EU Agriculture Ministers are meeting in Brussels today with discussions on the current crisis in the dairy and pigmeat sectors to be discussed.
As farmgate prices continue to fall in both sectors many EU countries are calling for additional action from the European Commission to help the situation.
The French delegation will present a number of proposals at today’s Council of Ministers meeting.  In the dairy sector, the French proposals include an increase in the floor price at which producers can sell into public storage, an export credit facility, and crucially aid for farmers who cut output when prices fall.
French calls for an increase to intervention prices will be echoed today by the Polish delegation which is also calling for action from the Commission on pigmeat prices.
Thus far Commissioner Hogan has remained resolute in his opposition to raising intervention prices.
He doesn’t believe that such a measure is the right response to what is expected to be a relatively short-term market imbalance, recalling that the co-legislators reconfirmed the intervention price level as recently as 2013.
Hogan said it would send a wrong signal to the marketplace, as operators would not be encouraged to reduce milk production.
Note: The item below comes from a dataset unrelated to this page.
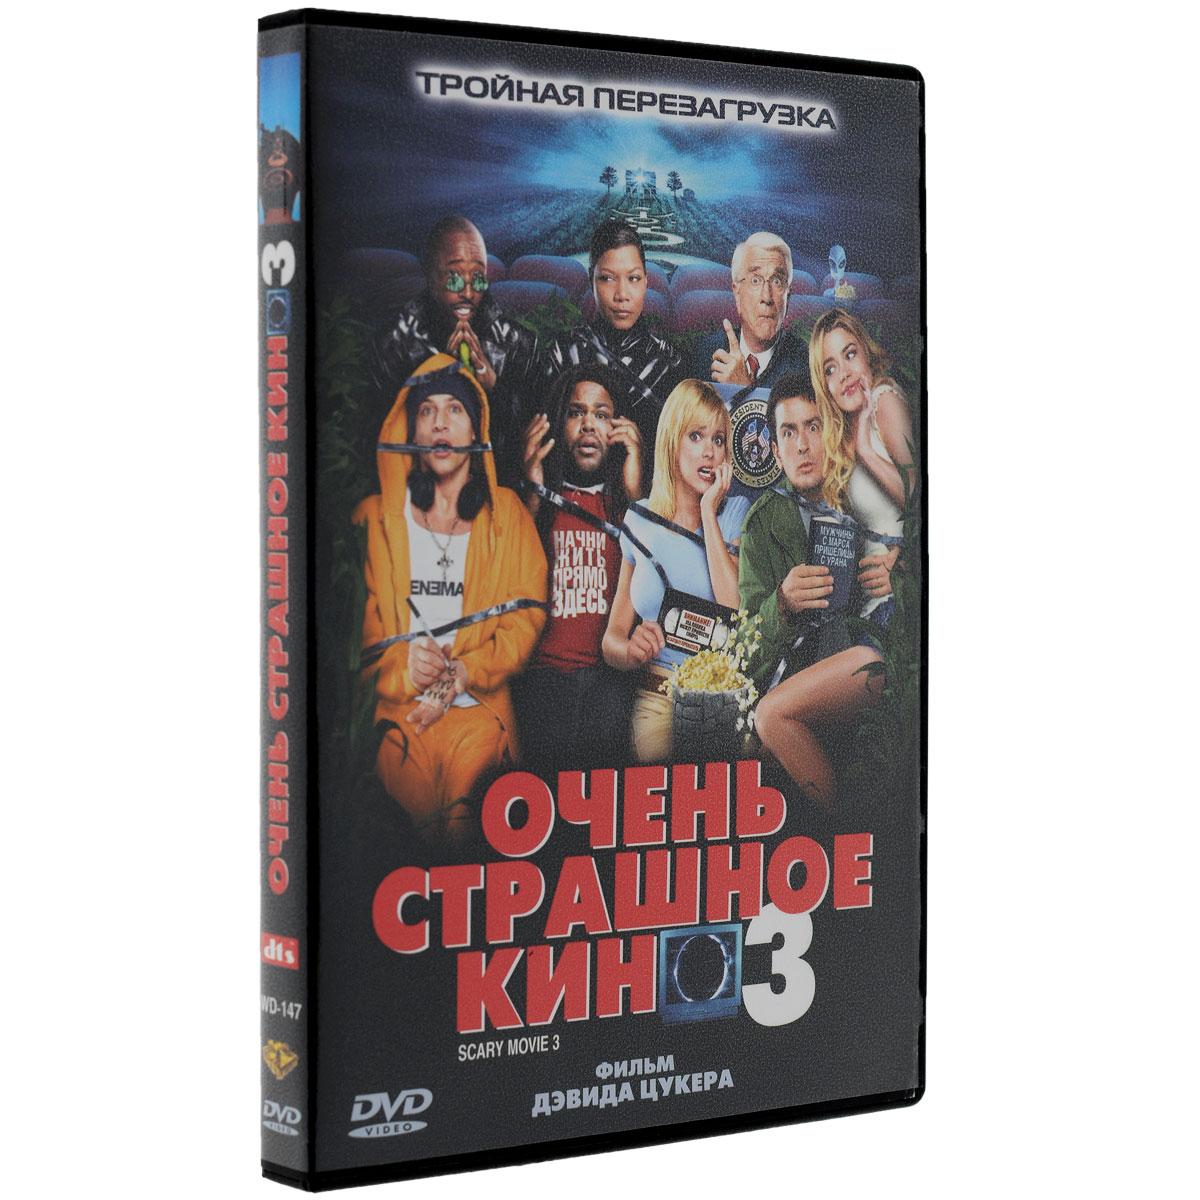 Очень страшное кино 3 2004 DVD
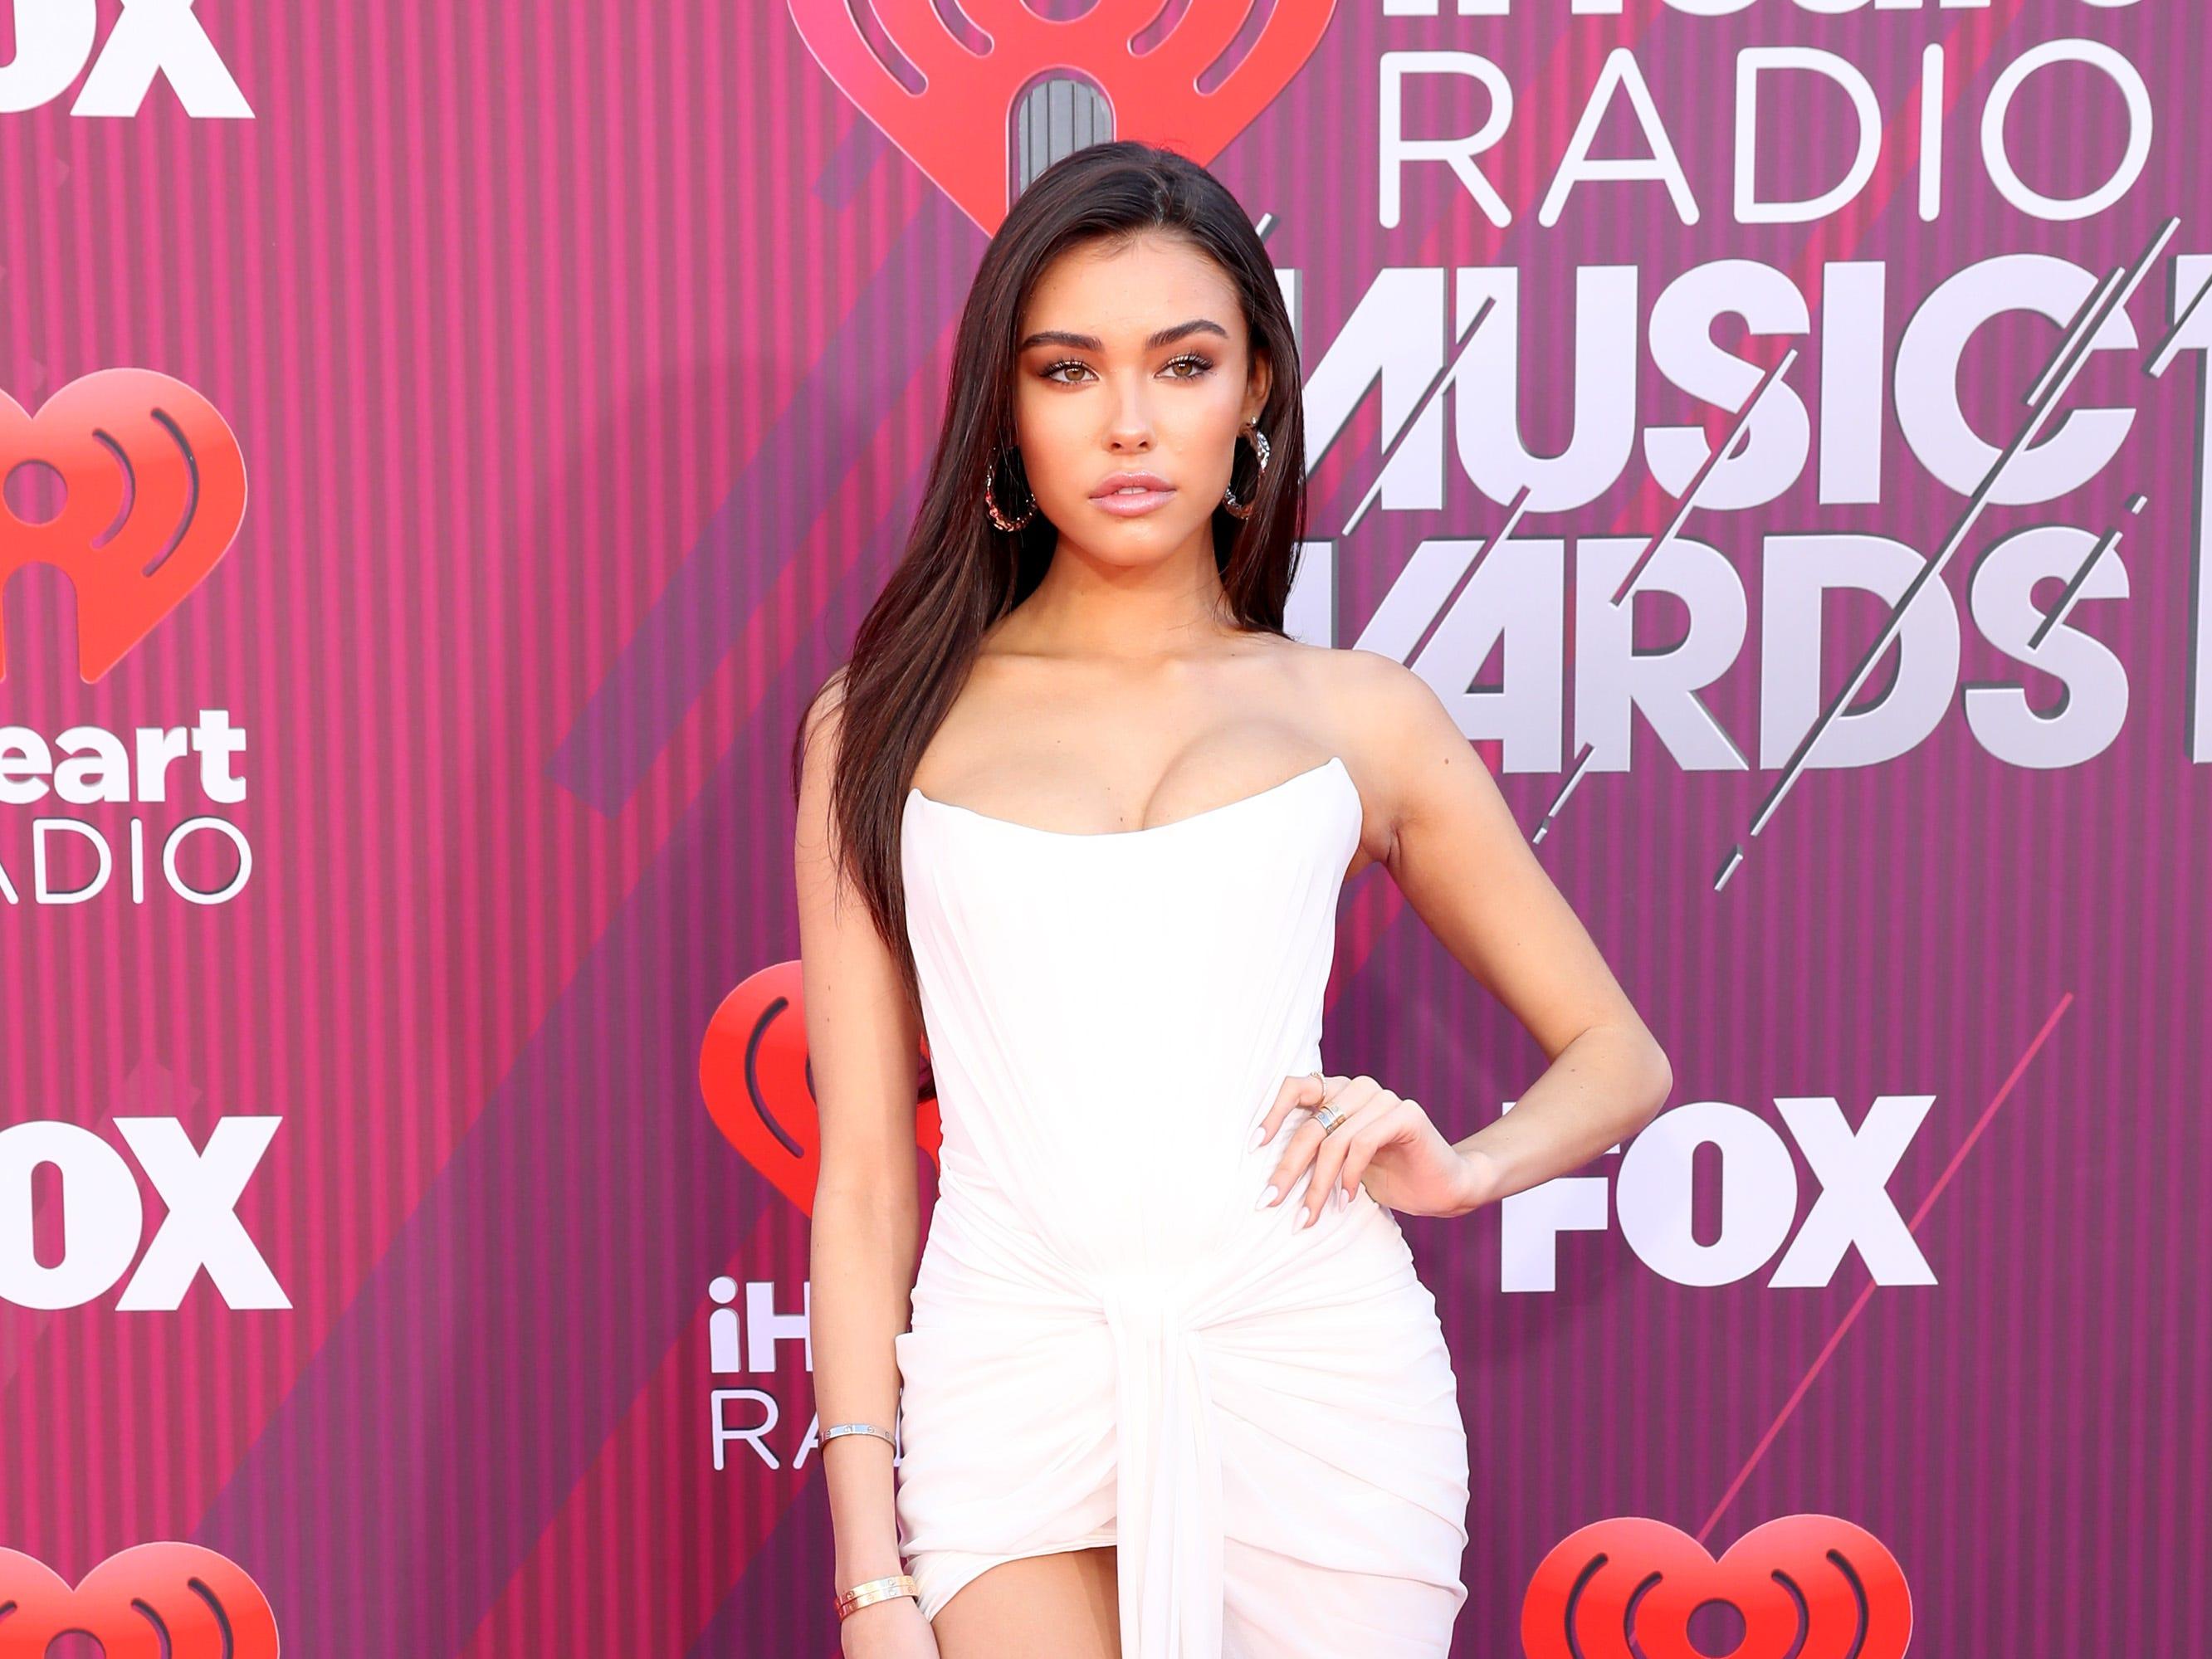 Madison Beer a su llegada a los premios iHeart Radio Music Awards en 2019 el 14 de marzo de 2019 en Los Angeles, California.

According to the Commission even a relatively small increase would bring intervention prices close to the average ‘operating costs’ for some EU dairy farmers, hence creating an additional outlet for their production and moving away from the market orientation that has underpinned the CAP reform process since the 1990s.
The Council will also hold a debate on animal welfare. It will be based on a position paper prepared by the German, Swedish, Danish and Netherlands delegations calling for the establishment of an EU platform on animal welfare for stakeholders and competent authorities.
Furthermore, the European Commission will brief ministers on the state of play on international agricultural trade issues.